B Visas and Immigrant Intent

The Gaston Law Firm, P.A.

Visitor Visas (B-2 visas) are commonly denied pursuant to INA § 214(b) because the applicant did not provide sufficient evidence to overcome the presumption of immigrant intent. All nonimmigrants (temporary) visa applicants are presumed to have intent to remain in the United States permanently (immigrant intent). The visa applicant must demonstrate to the satisfaction of the consular officer that he or she intends to depart the United States by the designated date.
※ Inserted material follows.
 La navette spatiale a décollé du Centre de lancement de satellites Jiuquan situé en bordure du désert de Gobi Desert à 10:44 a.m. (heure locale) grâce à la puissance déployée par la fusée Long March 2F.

A common misconception of B visa applicants is that greater ties to the United States equals stronger visa eligibility. This approach is contrary to immigration law and policy. The consular officers view ties to the United States as factors that support the presumption that the applicant is an intending immigrant. The greater the ties to the United States, the greater the presumption of immigrant intent. Thus, when an applicant provides information about his or her family members, property, car, love interest, employment opportunities, etc., the applicant is building the case for the consular officer to deny the B visa application. Further, factors demonstrating lack of ties abroad (such as unemployment, few family ties, loss of residence) can support a finding of immigrant intent and lead to denial.

For this reason, it is very difficult for an applicant who does not demonstrate strong familial, employment and financial ties outside the United States to obtain the B visa. At the time of the visa interview, the applicant should be prepared to present evidence of sustained and stable employment, property ownership or lease obligations, immediate family ties, financial obligations (mortgage, etc.), prepaid school tuition, a round trip ticket, and other similar documentation to demonstrate that he or she has strong ties outside of the United States that will compel departure.
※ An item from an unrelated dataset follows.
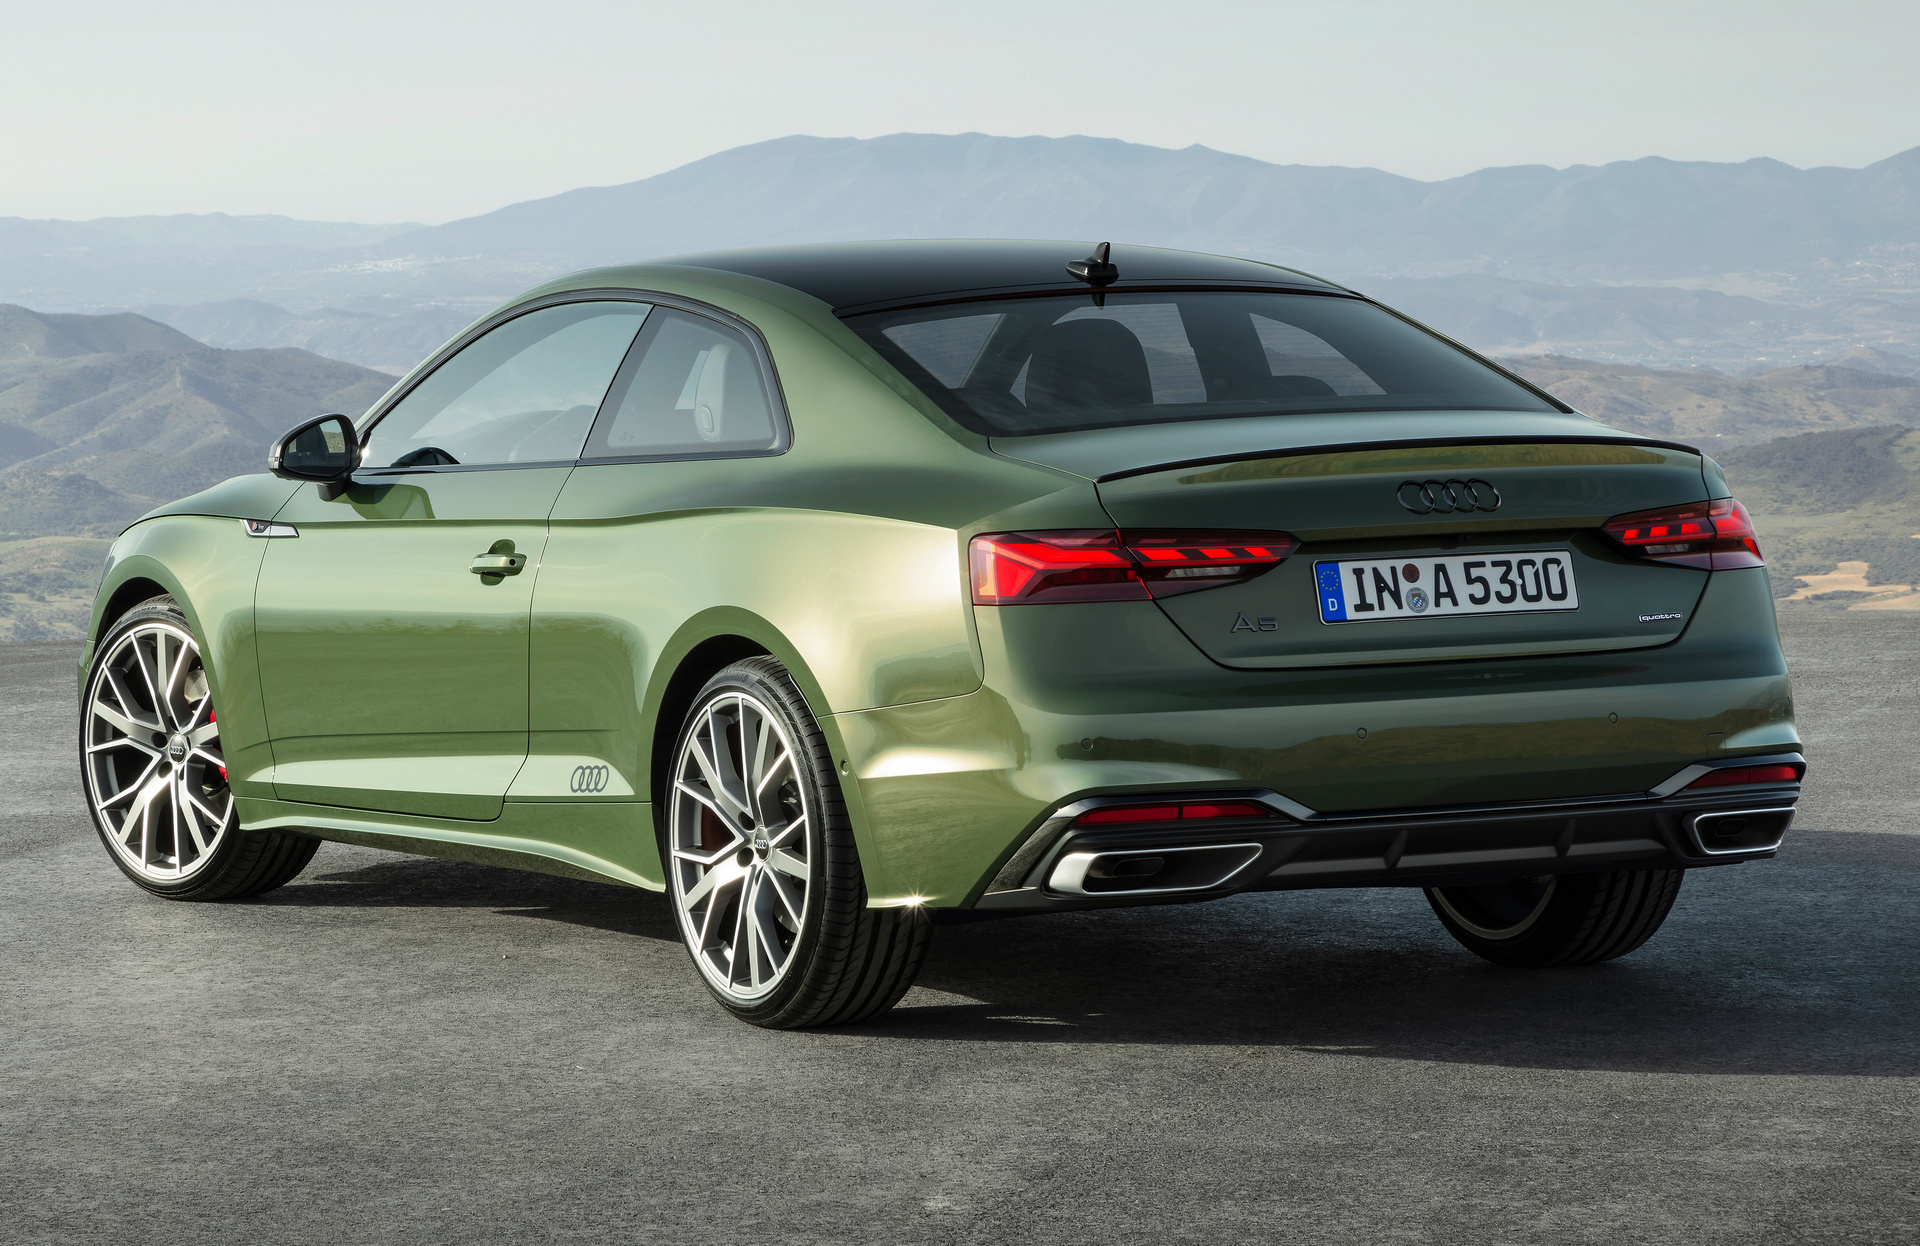 Στην Ελλάδα τα ανανεωμένα Audi A5 Sportback και A5 Coupe – Τιμές

A round-trip ticket, hotel reservations and an itinerary of activities in the United States (Disney tickets, wedding invitation, graduation announcement, seminar or conference schedule, etc.) can be persuasive evidence of the temporary nature of a B visa applicant’s trip. Moreover, if the applicant informs the consular officer that he or she intends to pursue impermissible activities while in the United States on a tourist visa (attend school fulltime, work, retire, get married, purchase a home, etc.), the consular officer will likely deny the B visa. Similarly, a general desire to vacation or visit the United States without a specific purpose, more often leads to denial.

In summary, the B visa applicant has the burden of proving that he or she is a bona fide nonimmigrant and will depart the United States when the allotted period of stay expires. Supplying the evidence to meet this burden substantially increases the applicant’s odds of receiving the B visa.